Hiraiwa Masaru menambahkan bahwa PMDA Jepang siap bermitra dengan negara-negara ASEAN untuk menciptakan kebijakan yang komprehensif. “Melalui IMDRF, kami bisa berbagi keterampilan dan pengalaman dalam menyusun standar kualitas, sehingga alat kesehatan bisa menjadi bagian dari peningkatan kesehatan masyarakat secara bersama-sama,” jelasnya. Ia menekankan bahwa harmonisasi tidak sekadar meningkatkan efisiensi, tetapi juga memastikan kesehatan pasien tetap terjaga di setiap tahap penggunaan alat kesehatan.
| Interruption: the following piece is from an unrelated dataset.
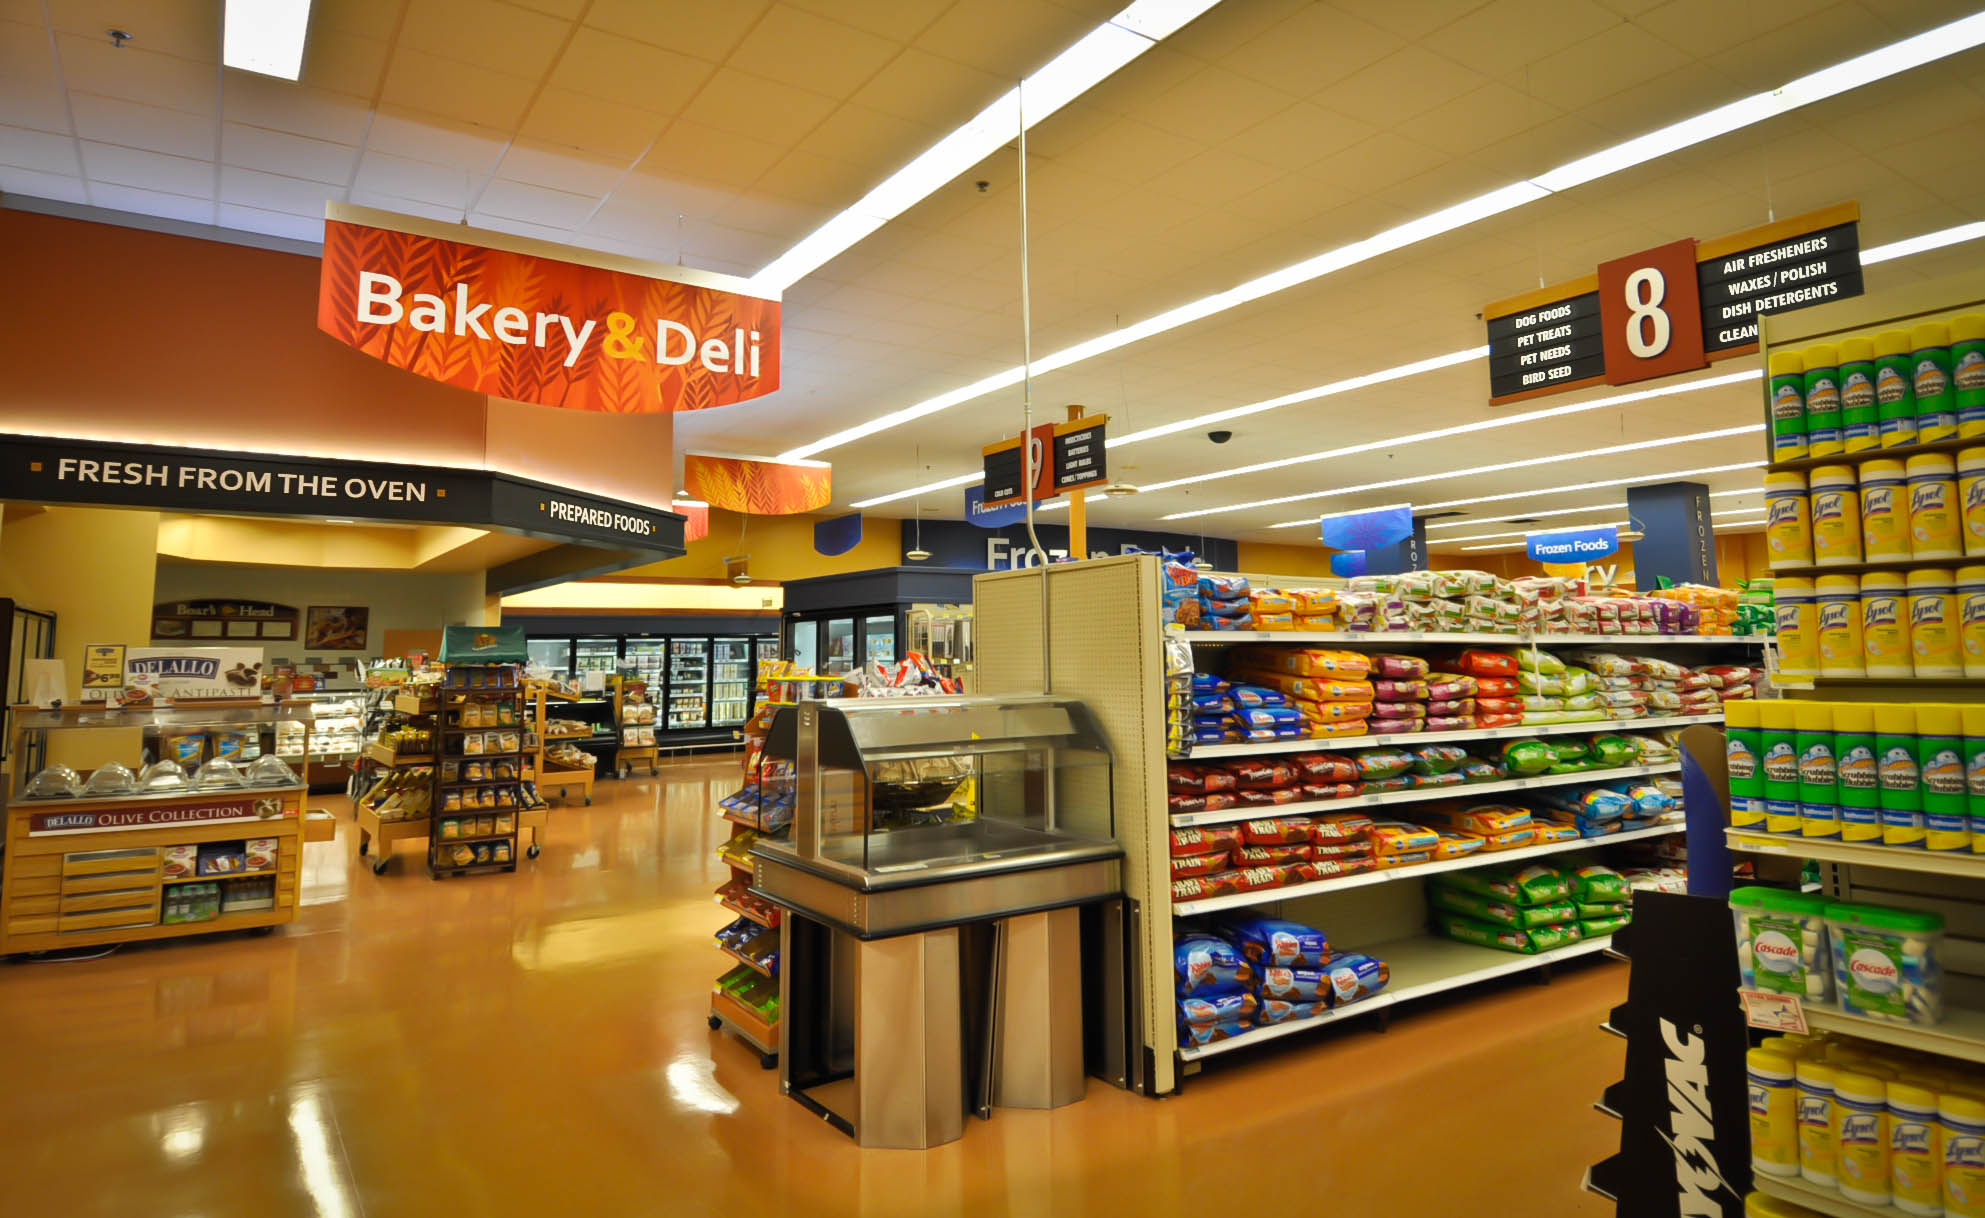 Market Bakery & Deli Area Grocery Store Decor Design Interior

Dengan dinamika inovasi yang terus berkembang, harmonisasi regulasi alat kesehatan menjadi kebutuhan mendesak. UI dan mitra-mitranya percaya bahwa kerja sama antarnegara akan memperkuat posisi ASEAN dalam perekonomian global, sekaligus menjaga kualitas layanan kesehatan bagi masyarakat. Simposium ini, diharapkan, menjadi awal dari perubahan kebijakan yang lebih adaptif dan progresif di masa depan.